Given these obvious, albeit often unspoken conflicts, it is easy to understand the motives of scientists are often self-serving. With these powerful incentives at play, it seems even more important that experiments are designed at the outset to conform to good scientific practice, with blinded evaluation of data, incorporation of positive and negative controls, repeated experiments, use of validated reagents, avoidance of data-exclusion at the investigator’s whim, and appropriate analysis of data sets.

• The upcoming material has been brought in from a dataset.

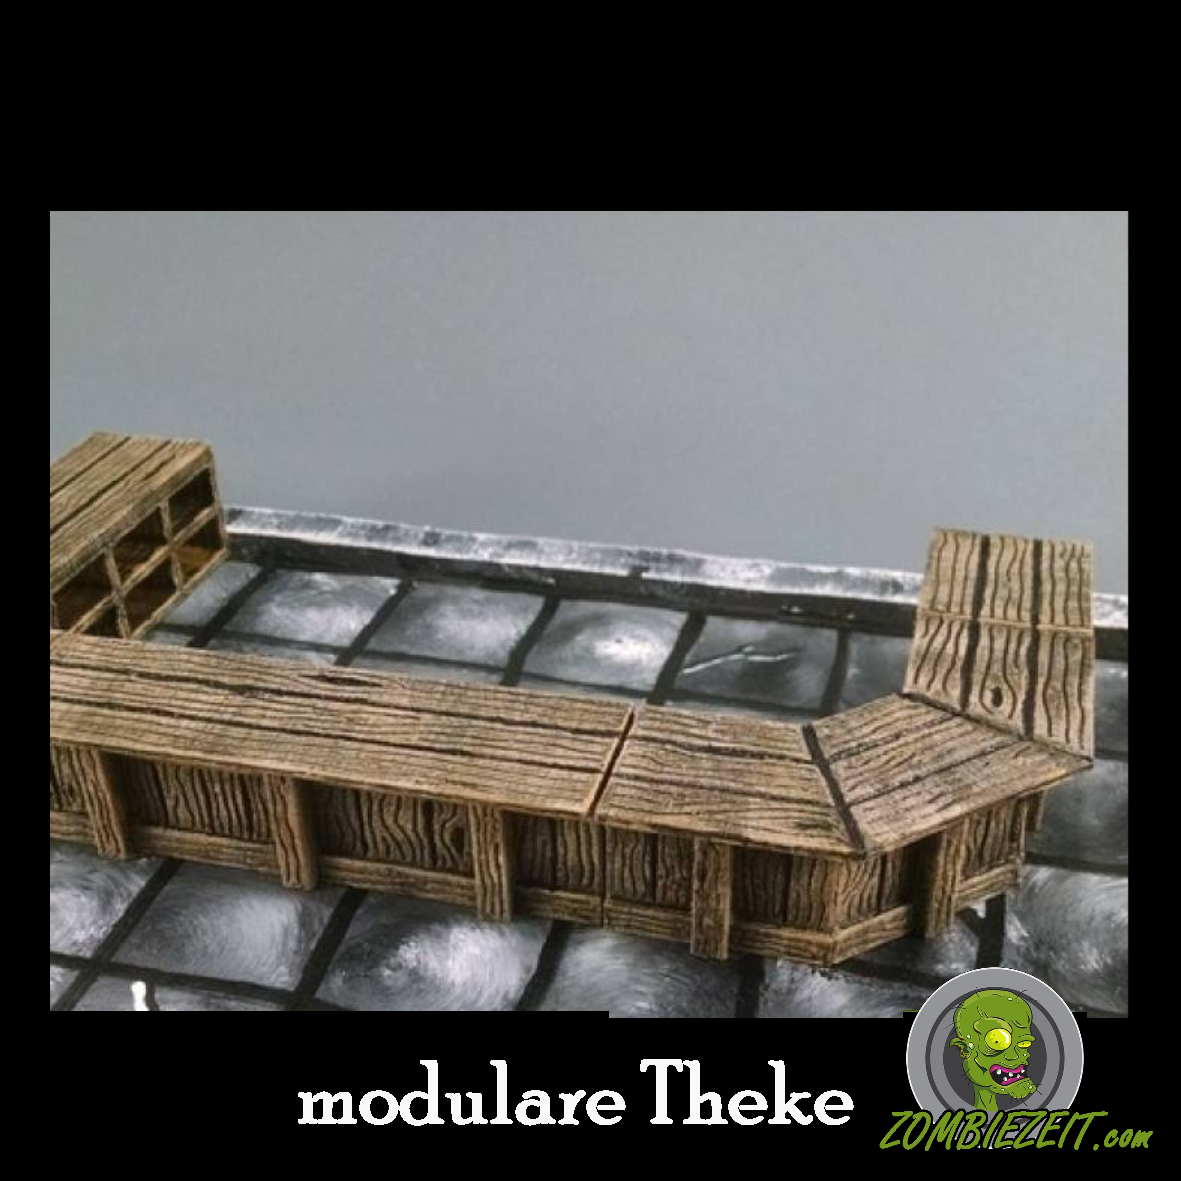 modulare Theke

While there are some disincentives for outright fraud, our system currently lacks effective disincentives that ensure sloppy, irreproducible, poor quality work is spurned. In fact it is commonly joked that an investigator’s retraction can result in two publications in Nature. Disincentives should serve, at least in part, to balance the powerful incentive to be first rather than to be right. But for disincentives to be effective requires a commitment to auditing and enforcement. We need a mechanism to ensure that good scientific practice is routinely upheld. Although Editors can provide checklists, this cannot be the responsibility of Journal Editors or their reviewers; the work is essentially complete when they first see it. The primary responsibility rests with investigator and their host Institution. While some investigators are clearly able to self-censor, others are not. It is for those investigators, that the Research Institution has a critical role to play.